İçindekiler:

Otizm hakkında çürütülmesi gereken 8 efsane
Otizm hakkında çürütülmesi gereken 8 efsane
Anonim

“Bu bir hastalıktır”, “aşılar otizme neden olur”, “bu çocuklar okula gidemez”, bu algılar hem otizmli bireylere ve ailelerine hem de toplumun tamamına çok zararlıdır.

Otizm hakkında çürütülmesi gereken 8 efsane
Otizm hakkında çürütülmesi gereken 8 efsane

Efsane 1. Otizm bir hastalıktır

Hayır, bu bir hastalık değil, merkezi sinir sisteminin arızalanmasıyla ilişkili gelişimsel bir özelliktir. Dünya Sağlık Örgütü otizmi genel bir gelişimsel bozukluk olarak sınıflandırır.

"Otizm" teşhisi davranışsaldır, yani analiz veya araçsal araştırma ile tespit edilemez. Uzmanlar, otizmden şüphelenilen bir çocuğu izler, ona belirli görevleri tamamlamasını, gelişim geçmişini incelemesini ve ebeveynleri ile konuşmasını önerir.

Çocuğun özellikleri, olağandışı davranışları erken çocukluk döneminde fark edilir hale gelir. Tanı yaklaşık iki yaşında güvenilir bir şekilde konulabilir.

Otizmli çocuklar çok farklıdır ve davranışları yaşa ve semptomların şiddetine bağlı olarak değişebilir. Otizm için tanı kriterleri şunları içerir:

  • sosyal etkileşimdeki zorluklar (çocuk her zaman muhataba dönmez, ondan çok yakın veya çok uzaktır);
  • konuşmanın gelişiminde gecikme veya yokluğu;
  • soyut kavramları anlamada zorluk;
  • çeşitli uyaranlara (sesler, ışık, kokular, vestibüler duyumlar) karşı artan veya azalan duyarlılık;
  • gıda seçiciliği;
  • değişen aktivite ile ilgili zorluklar, tekdüzelik ve sabitlik için güçlü tercih.

Otizmli birçok kişi, sallanma, kol sallama, aynı cümleleri söyleme veya diğer kişiyle konuşmadan ses çıkarma gibi tekrarlayan davranışlar sergiler. Bazı insanlar yanlışlıkla saldırganlığın veya kendine saldırganlığın da bir otizm belirtisi olduğunu düşünür, ancak bu doğru değildir.

Efsane 2. Otizm nadir görülen bir hastalıktır

Otizm en sık görülen gelişimsel bozukluktur. ABD Hastalık Kontrol ve Önleme Merkezlerinden alınan en son verilere göre, her 59'uncu çocukta otizm spektrum bozuklukları (ASD) ortaya çıkıyor (DSÖ daha hafif istatistiklere atıfta bulunsa da: 160 çocuktan biri). Ayrıca, erkekler bu bozukluklara kızlara göre daha yatkındır.

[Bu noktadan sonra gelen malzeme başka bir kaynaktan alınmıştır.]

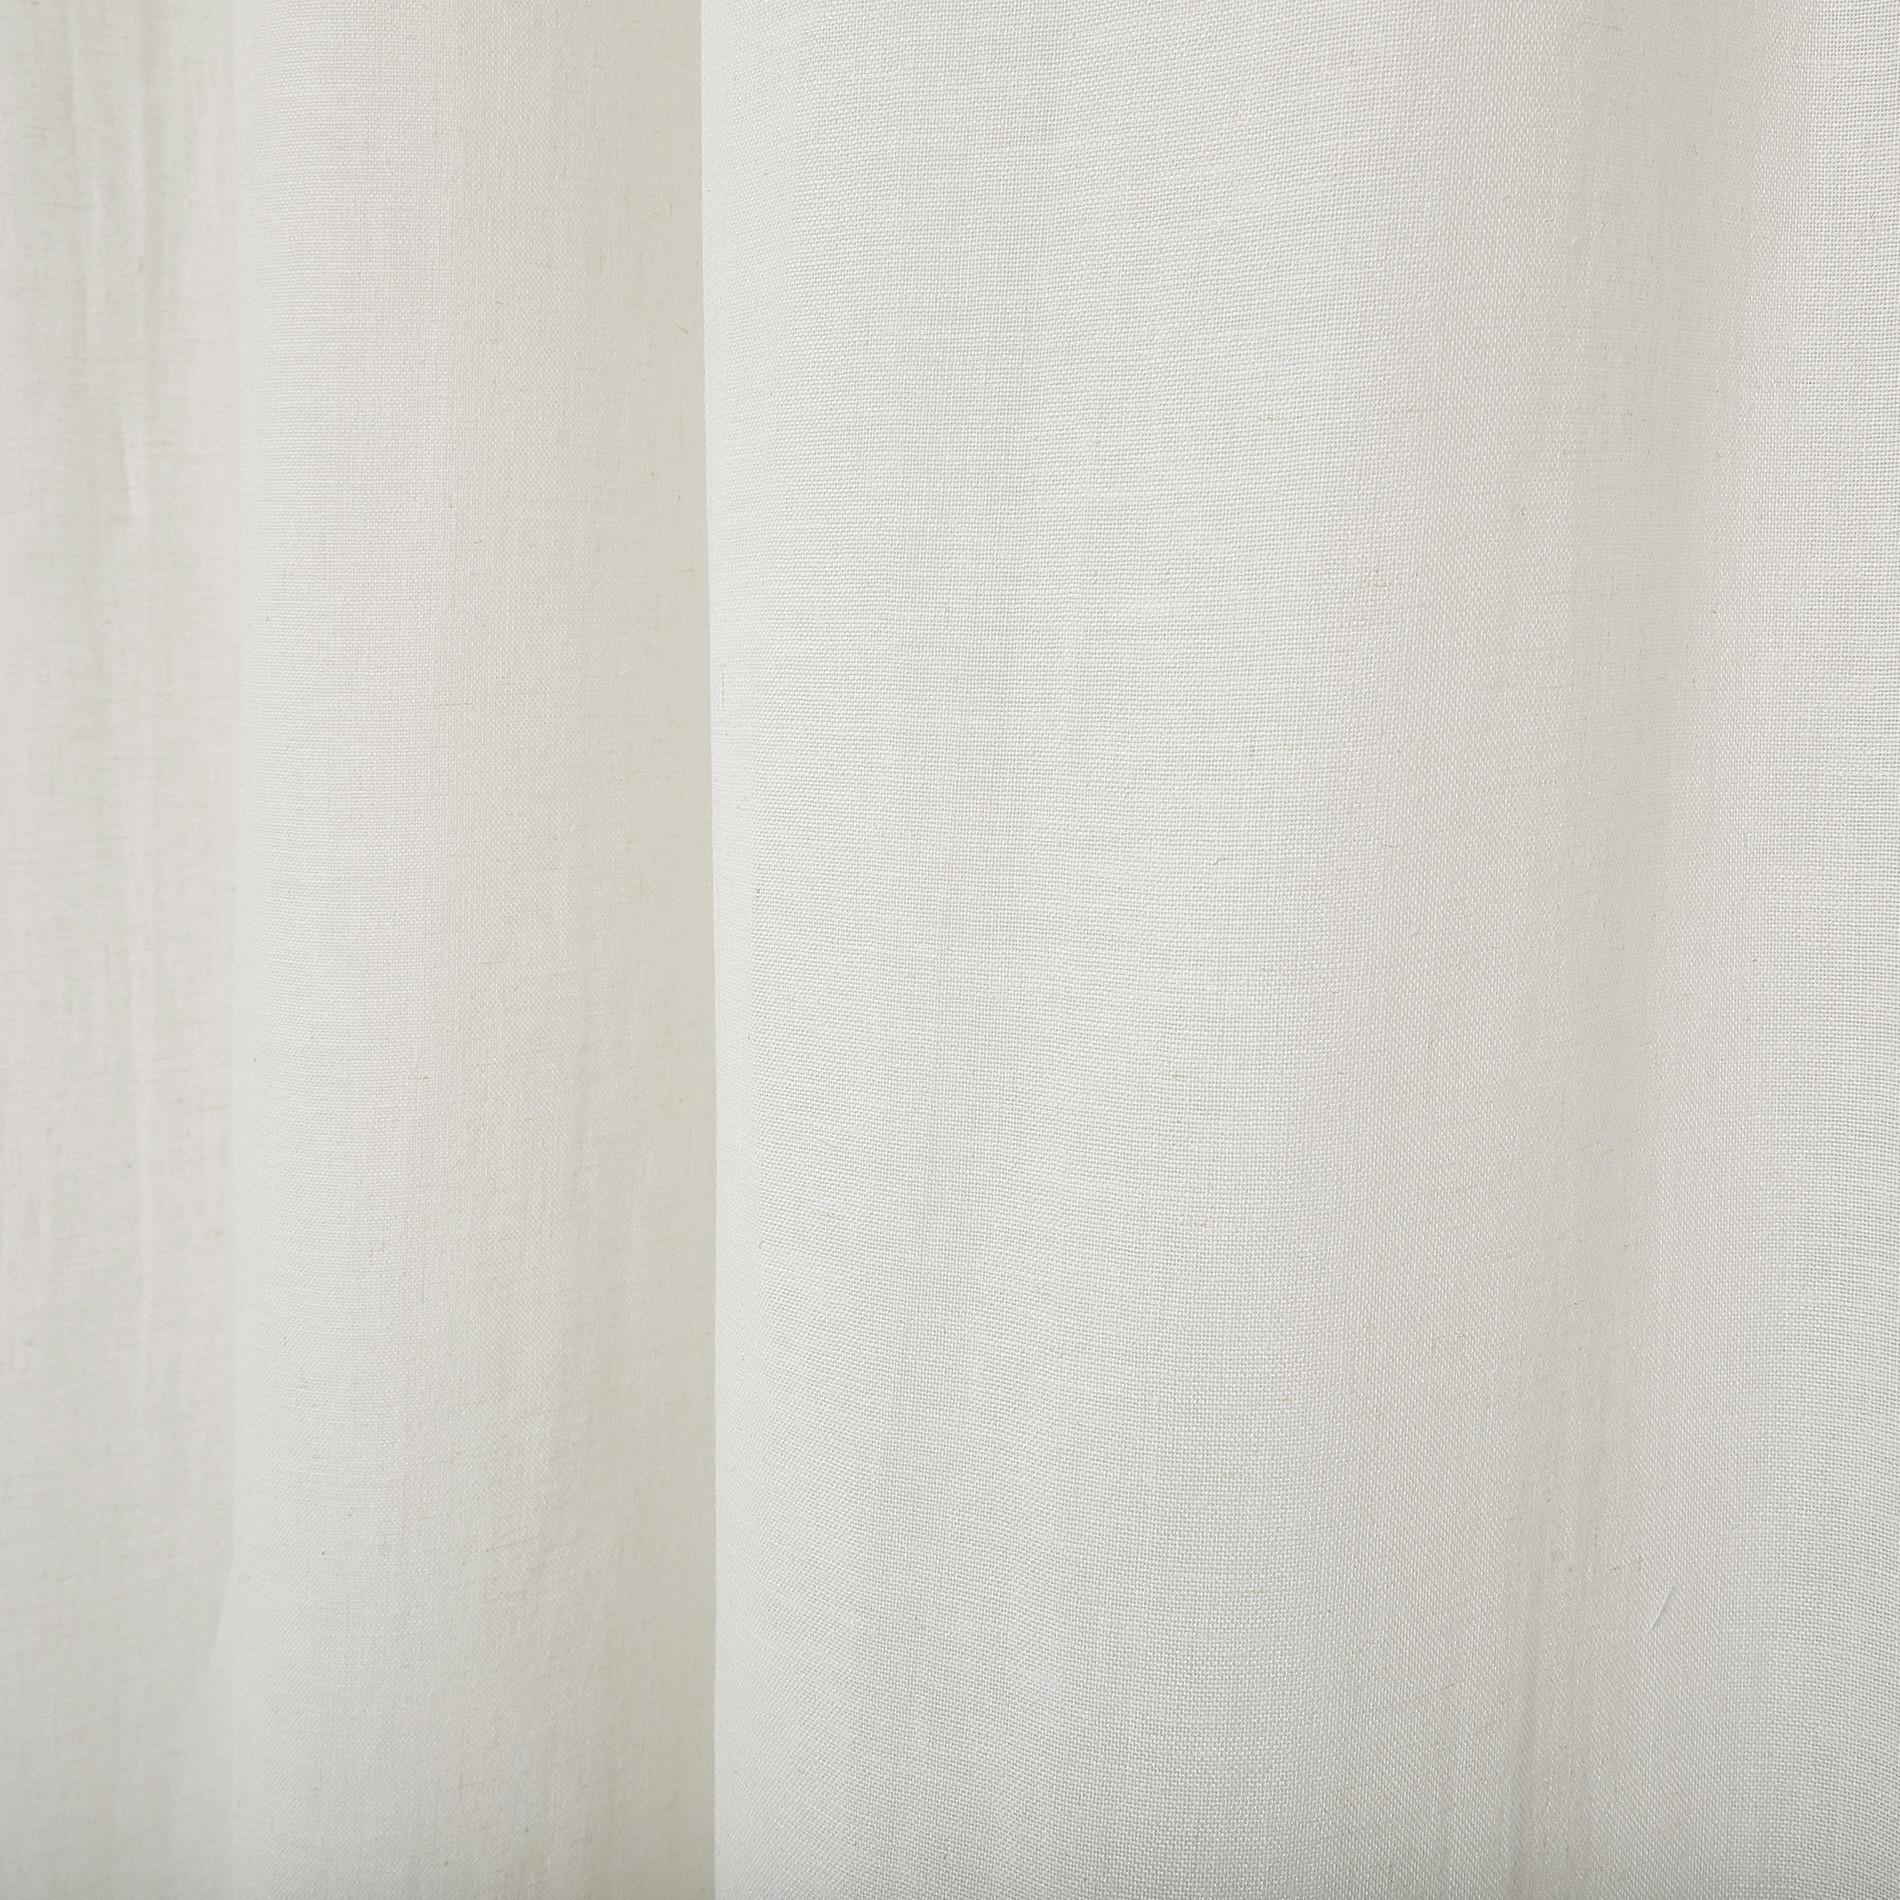 Tenda misto lino con passanti nascosti, Bianco, large image number 0

2000 yılında her 150 çocuktan birinde otizm teşhisi konuldu. Araştırmacılar, bu tanıya sahip çocuk sayısındaki artışın gerçek bir otizm "salgını" mı temsil ettiği veya gözlenen değişikliklerin iyileştirilmiş teşhis prosedürleri ve toplumda artan farkındalıkla ilgili olup olmadığı konusunda önemli ölçüde anlaşamıyorlar. Cevabın iki uç arasında bir yerde olması muhtemeldir.

Efsane 3. Otizmli tüm insanların dahi yetenekleri vardır

Belki de bu efsanenin yayılması, Dustin Hoffman'ın oynadığı ana karakterin harika poker oynadığı "Yağmur Adam" filmi tarafından kolaylaştırıldı.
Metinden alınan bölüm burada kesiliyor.